The default Nudge window content for minor updates is: Main Header: “Your Mac requires updates!” Sub Header: “A friendly reminder from [Company Name]” Body Text: “A fully up-to-date device is required to ensure that IT can accurately protect your device. To begin the update, simply click on the Update button and follow the provided steps. If you experience any issues during the update, please reach out to your support desk.” These defaults are chosen to be factually accurate, non-alarmist, and actionable. They explain the why (device protection), the how (click Update), and the what-if (contact support). Customize these in Settings → Nudge Settings → Update Elements to match your organization’s tone, terminology, and support contact details.

Major Upgrade Window Text

Main Header: “A macOS Upgrade is now required.” Sub Header: “A friendly reminder from [Company Name]” Body Text: “Your Mac now requires an upgrade to a newer macOS release. A fully up-to-date device is required to ensure that IT can accurately protect your device. To begin the update, simply click on the Update button and follow the provided steps. If you experience any issues during the update, please reach out to your support desk.” The major upgrade text is deliberately distinct from the minor update text — it makes clear that this is a full OS upgrade, not a simple patch. Customize in Settings → Major Settings → Nudge Major Update Elements.
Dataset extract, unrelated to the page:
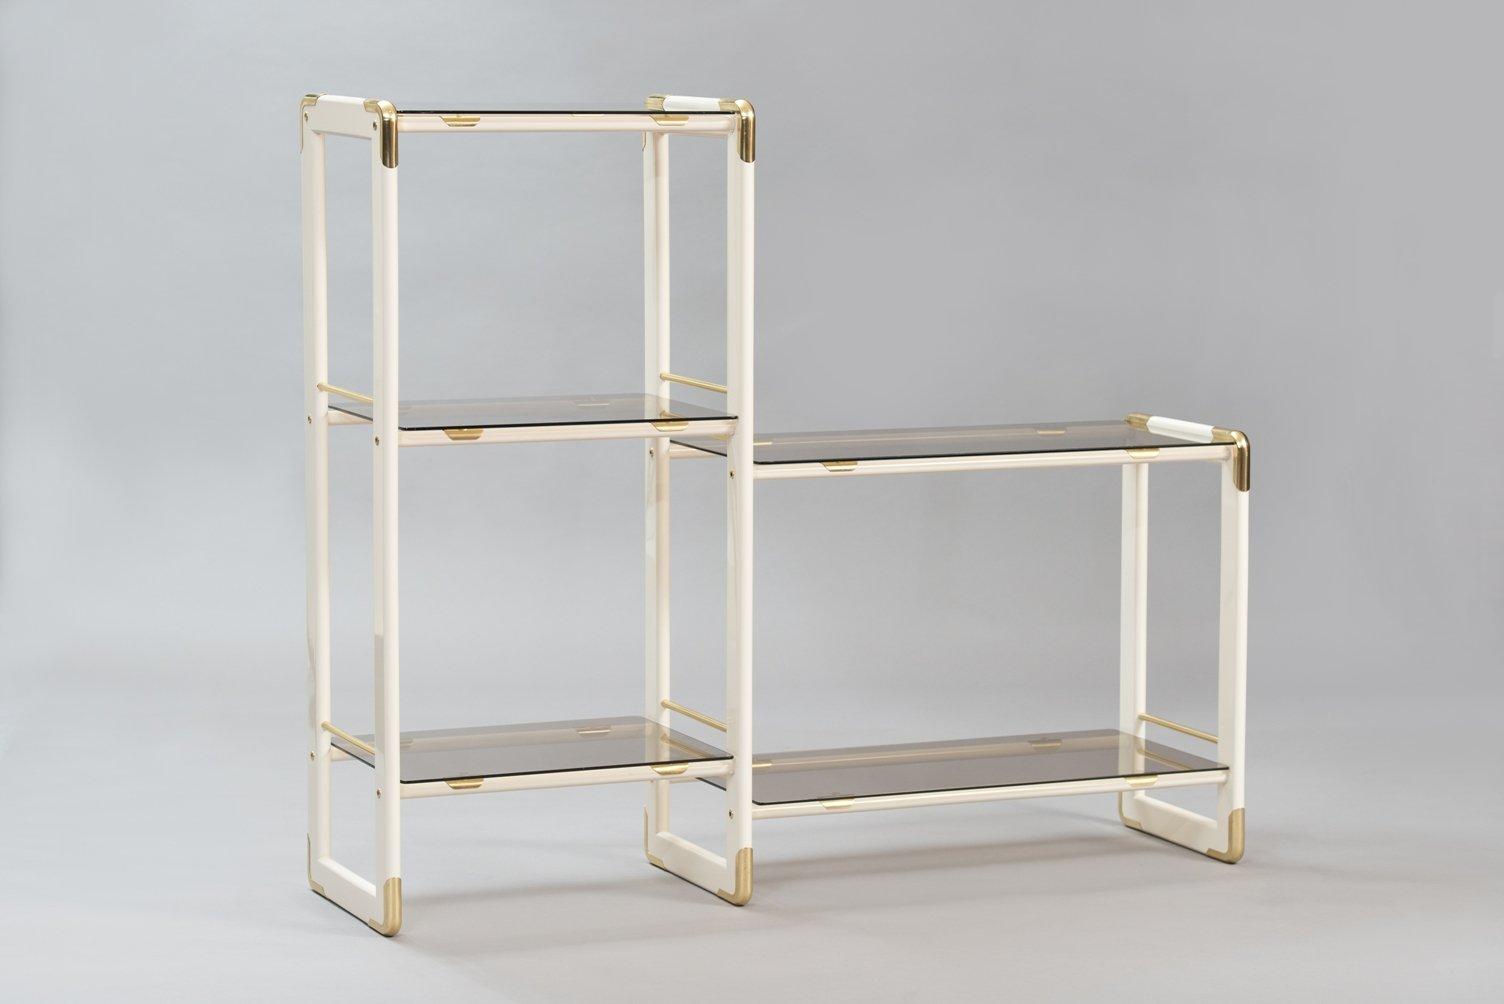 Vintage Italian Wood, Brass & Glass Bookshelf for sale at Pamono

Nudge User Experience Defaults

Elapsed Refresh Cycle

Default: 1800 seconds (30 minutes) After Nudge opens, it rechecks compliance every 30 minutes while it is running. If the user has completed the update, Nudge closes itself. If the update is still pending, Nudge remains open (or relaunches on its nag interval schedule). 30 minutes is a practical middle ground — long enough that Nudge is not constantly hammering the system, short enough that a completed update is acknowledged reasonably quickly.

No Timers

Default: false Nudge’s built-in deferral and reminder timers are enabled by default. These timers govern how Nudge tracks and surfaces the remaining deferral count and other time-based UI elements. Disabling them removes this tracking. Leave false for normal operation.

Nudge Nag Interval

Default: 900 seconds (15 minutes) When the Nudge LaunchAgent is enabled, it relaunches Nudge every 15 minutes until the user completes the update. 15 minutes is persistent enough to be noticeable and create a meaningful prompt to act, while not being so aggressive that users feel the Mac is unusable. If you want more forceful nagging for severely overdue Macs, consider lowering this to 300 seconds (5 minutes) — but be aware this will generate significant user frustration and support volume.

Nudge User Interface Defaults

Screenshot Paths (Dark and Light)

Default: "" (none) No custom screenshots are shown in the Nudge window by default. The screenshot panel in Nudge is designed to show a visual guide to help users find Software Update. If you want to provide custom screenshots (e.g., annotated screenshots of your organization’s specific update workflow), set these paths to image files deployed at a consistent location on all managed Macs.

Show Deferral Count

Default: false The deferral counter — which shows users how many times they have dismissed Nudge — is hidden by default. Surfacing this number can increase anxiety for users who have been deferring, and in some cases gives users a game-like goal to avoid (i.e., gaming the deferral count). Hide it unless your policy requires users to see it as an accountability measure.

Simple Mode

Default: false Nudge’s full-featured UI is used by default. Simple Mode removes some of the informational content and presents a more stripped-down window. Leave false for the full experience, which includes more context about why the update is required and how to complete it.

Single Quit Button

Default: false By default, Nudge presents its standard UI with the appropriate deferral and close controls. A single quit button simplifies the UI to one close option. Leave false for the standard experience.